關窗戶的長指一頓,窗戶也跟著頓了一頓,又往上升起時,江辭雲面無表情的冰冷開口:“李歡,停車。”
前方李歡聲音帶著隱隱的笑意:“內急嗎?你幾百年了都沒有過三急……”
“讓他下車……”
江辭雲的話還沒說完,小陳趕緊道歉:“不不不!別,師叔祖,徒兒錯了……”
江辭雲沒做聲,李歡則大笑起來,這大笑之後,再無人說話了。
車陷入午夜的靜謐時,我的心卻難以安頓。
我本以為小陳是熱血道士,還曾為此感動,可沒想到,如今一切都是姥姥安排!
那麼……
姥
姥死了嗎?
這是我最關心的問題,只可惜,現在不是時候問小陳。
而江辭雲--
我偏頭看江辭雲時,江辭雲竟閉了眼睛,是睡了麼?車內並不冷,我調整了一個姿勢,偷看江辭雲。他還是黑色的風衣,豎著領子,冷酷又帥氣。
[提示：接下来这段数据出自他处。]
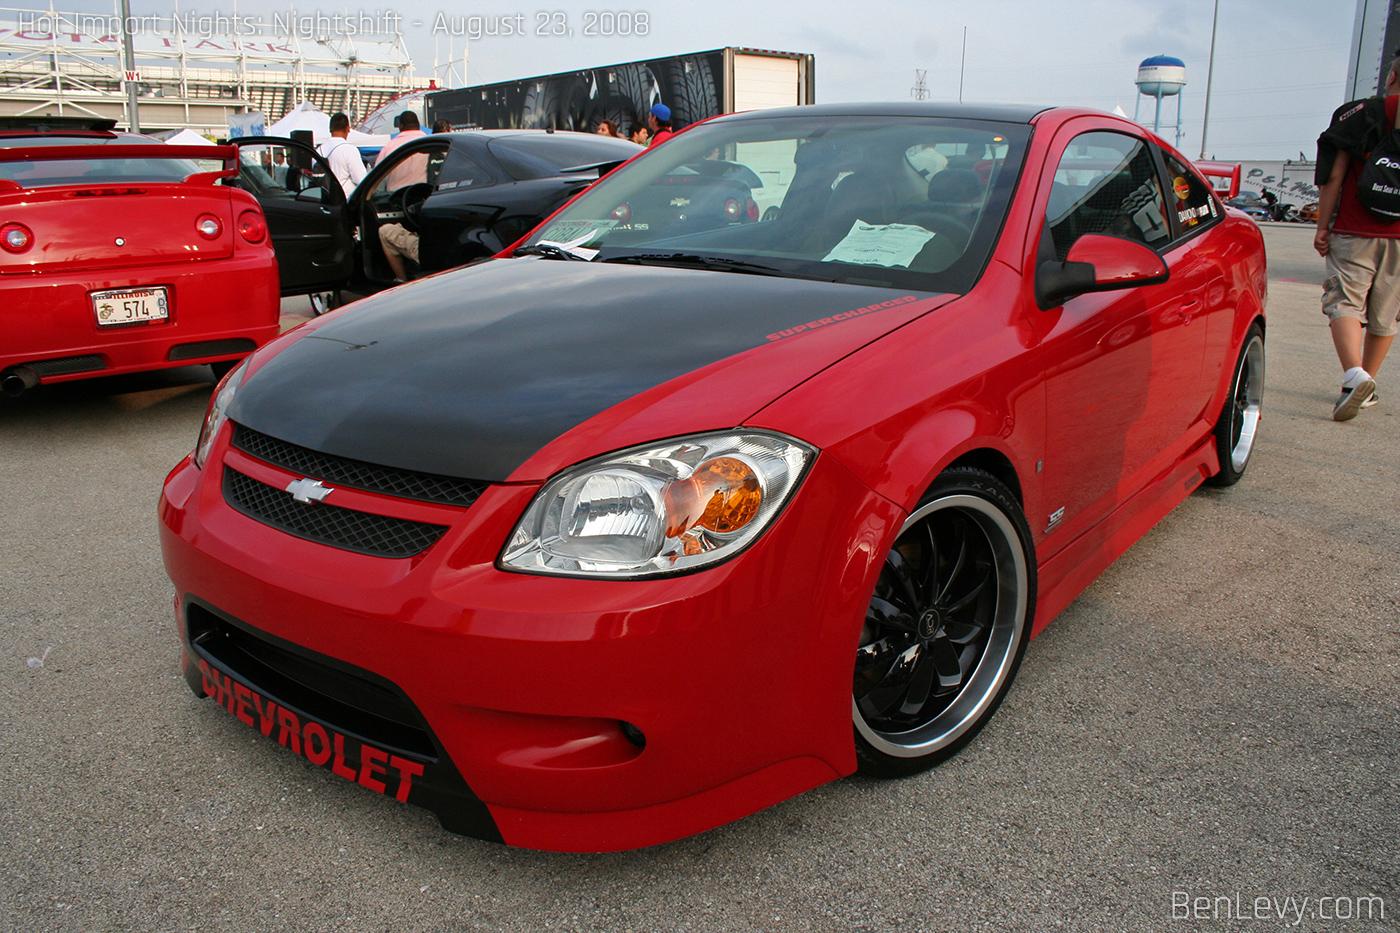 Chevy Cobalt SS Supercharged - BenLevy.com

這有的人,即便是睡著,那筆挺如樹的側影和美如雕刻的側臉,仍叫人望而生畏。
車窗外夜色濃重,月光如華,遙長的公路靜寂,若鬼畜的枝椏飛快掠過江辭雲身後的窗,給他添了幾分神祕。
看這夜色,他今夜似乎不用挨鞭子打。
“看夠沒。”
低而冰冷的聲音倏的響起時,我猛然一怔,而他並未睜開眼,只冷冷說句“睡覺”,我就嚇得趕緊閉眼,可是……
我怎麼也睡不著。
快到早上時,車到服務區,李歡和小陳要去方便,車上只有我和江辭雲兩個人時,他忽然坐過來。
“不困麼,一夜沒睡。”
我目光一怔,迅速別開臉,“這麼看來,你也沒睡。”
“我怕你死了。”
冰冷的聲音從我旁側說出這句話時,我自窗戶上看見他緩緩睜開的桃花眼眸。
雋黑深邃的眸,即便是在玻璃倒影裡,也不減絲毫銳利--
“你的命,只能是我的。”
江辭雲說這話時,我心裡很清楚,他完全是出自恨,而話音落,就看外頭李歡和小陳回來了。他們上來時,帶了大包子,我一點胃口也沒有,勉強吃些,車就又重新上路。
有江辭雲這個生性冷淡的人在,話也不多。
路上李歡放了歌,不過多時太陽出來,路邊風吹麥浪,金光璀璨,好不漂亮。
“真好看。”
我說話時,車忽然就停了下來--
劇烈一抖時,李歡和小陳就下了車!
“這--”
我說話時,間江辭雲也下了車,我也只好下車看。結果發現他們從後備箱拿出鍋和雞蛋,然後從高速路的高護欄上一翻,在陡峭的斜坡上飛快朝麥田跑去!
“好厲害!”
眼前的斜坡起碼有七十度陡峭,而岩石鋪出的斜坡,讓這些年風吹雨打,早就長滿青苔,滑膩無比。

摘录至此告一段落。